Adding in just five minutes of vigorous exercise to a daily routine can help lower blood pressure, a large study has concluded.
Analysis of data from more than 14,700 people across five countries found that short periods of exercise that increases heart rate, such as cycling and climbing stairs, had a measurable benefit.
Using fitness tracker data, the UK and Australian researchers also calculated that as little as 20 additional minutes of exercise per day could lead to clinically meaningful cardiovascular risk reduction at the population level.
Writing in the journal Circulation they said walking was not enough and it had to be more vigorous exercise, including short bursts of running, to have an impact.
To look at the relationship between movement and blood pressure, they split the data into categories of sedentary behaviour, such as sitting, as well as slow walking, fast walking, standing and more vigorous exercise.
An average 24-hour day was made up of around seven hours of sleep, 10 hours of sedentary behaviour, three hours of standing, one hour of slow walking, one hour of fast walking, and just 16 minutes of exercise activities such as running and cycling.
Looking at the impact of replacing one type of activity with another, they found switching any less active behaviour with more vigorous exercise could lower systolic blood pressure by 0.68 mmHg and diastolic blood pressure by 0.54 mmHg.

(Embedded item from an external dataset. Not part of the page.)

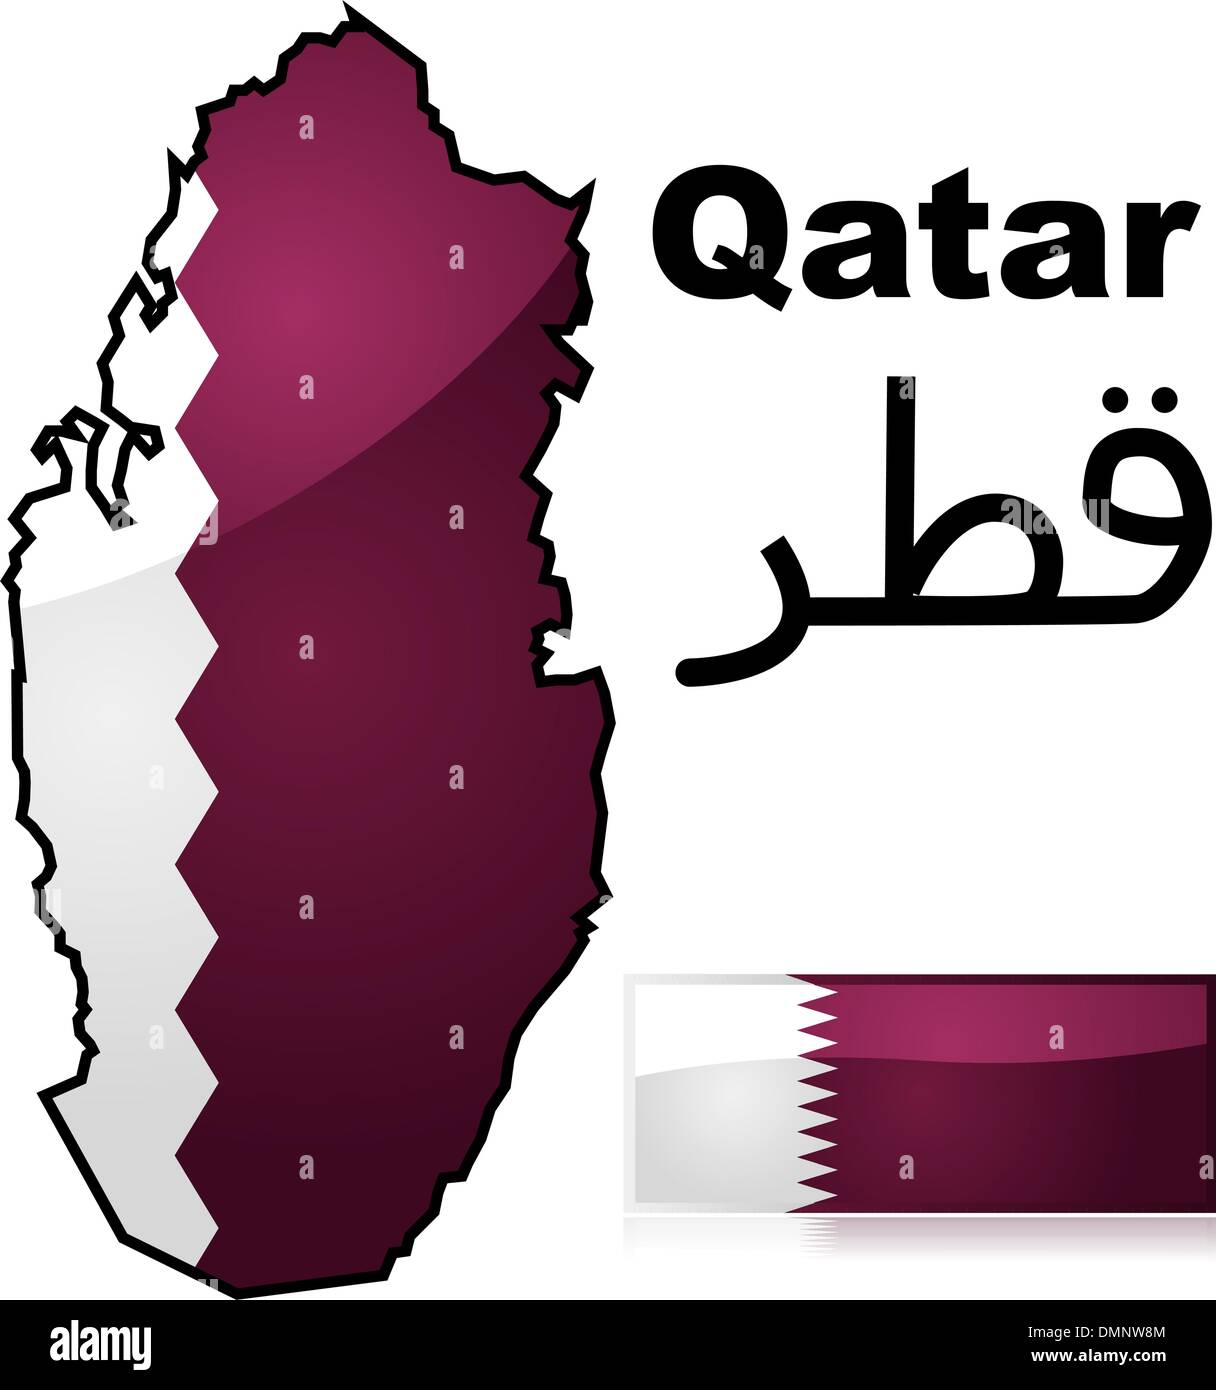 Mappa di Qatar e flag Illustrazione Vettoriale
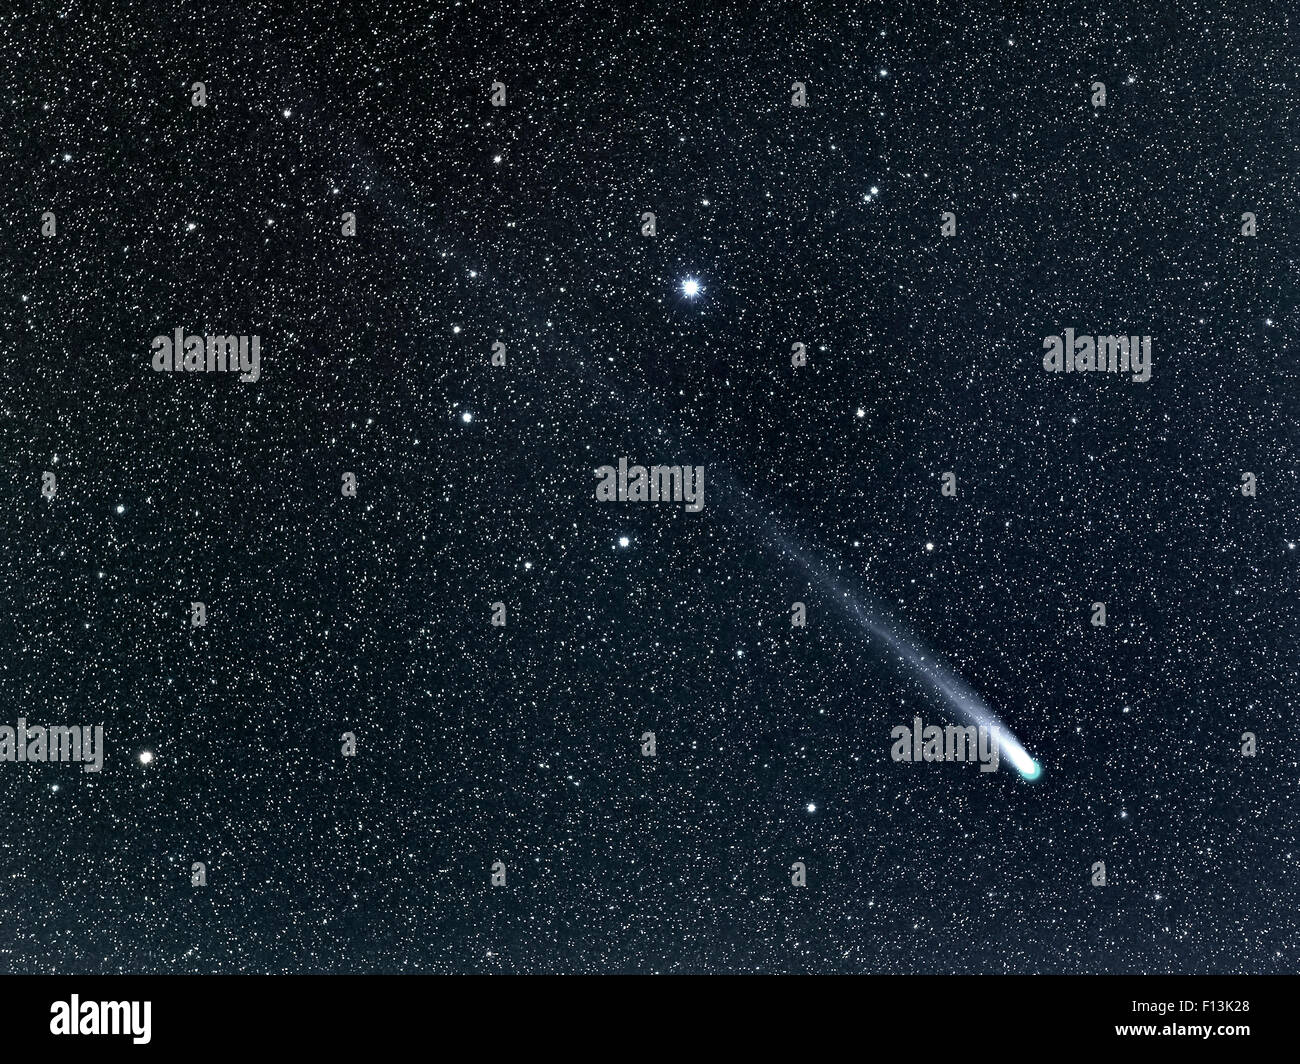 Komet C/2013 R1 (Lovejoy) Streaming-vorbei an der Sterne Sarin (Hüfte 84379) im Sternbild Herkules, wie es Perihel (der nächstgelegene Punkt zur Sonne) verlässt und wieder auf seiner Umlaufbahn in den Weltraum. In den frühen Morgenstunden am 28. Dezember 2013 her genommen Stockfoto

To put this in context, at a population level, a 2 mmHg reduction in systolic blood pressure and a 1 mmHg reduction in diastolic blood pressure is equivalent to around a 10% reduction in cardiovascular disease risk, they said.
They estimated this could be achieved with around 20 minutes of exercise a day.
Study lead Dr Jo Blodgett, a senior research fellow at University College London, said for most people, exercise is key to reducing blood pressure, rather than less strenuous forms of movement such as walking.
‘The good news is that whatever your physical ability, it doesn’t take long to have a positive effect on blood pressure.
‘What’s unique about our exercise variable is that it includes all exercise-like activities, from climbing the stairs to a short cycling errand, many of which can be integrated into daily routines.’
But among those who do not do a lot of exercise, walking did still have some positive benefits for blood pressure, she added.
‘But if you want to change your blood pressure, putting more demand on the cardiovascular system through exercise will have the greatest effect,’ she said.
Professor Emmanuel Stamatakis, joint senior author and professor of physical activity, lifestyle, and population health at the University of Sydney, said despite high blood pressure being one of the biggest health issues globally, there may be relatively accessible ways to tackle the problem in addition to medication.
‘The finding that doing as little as five extra minutes of exercise or vigorous incidental activities per day could be associated with measurably lower blood pressure readings emphasises how powerful short bouts of higher intensity movement could be for blood pressure management.’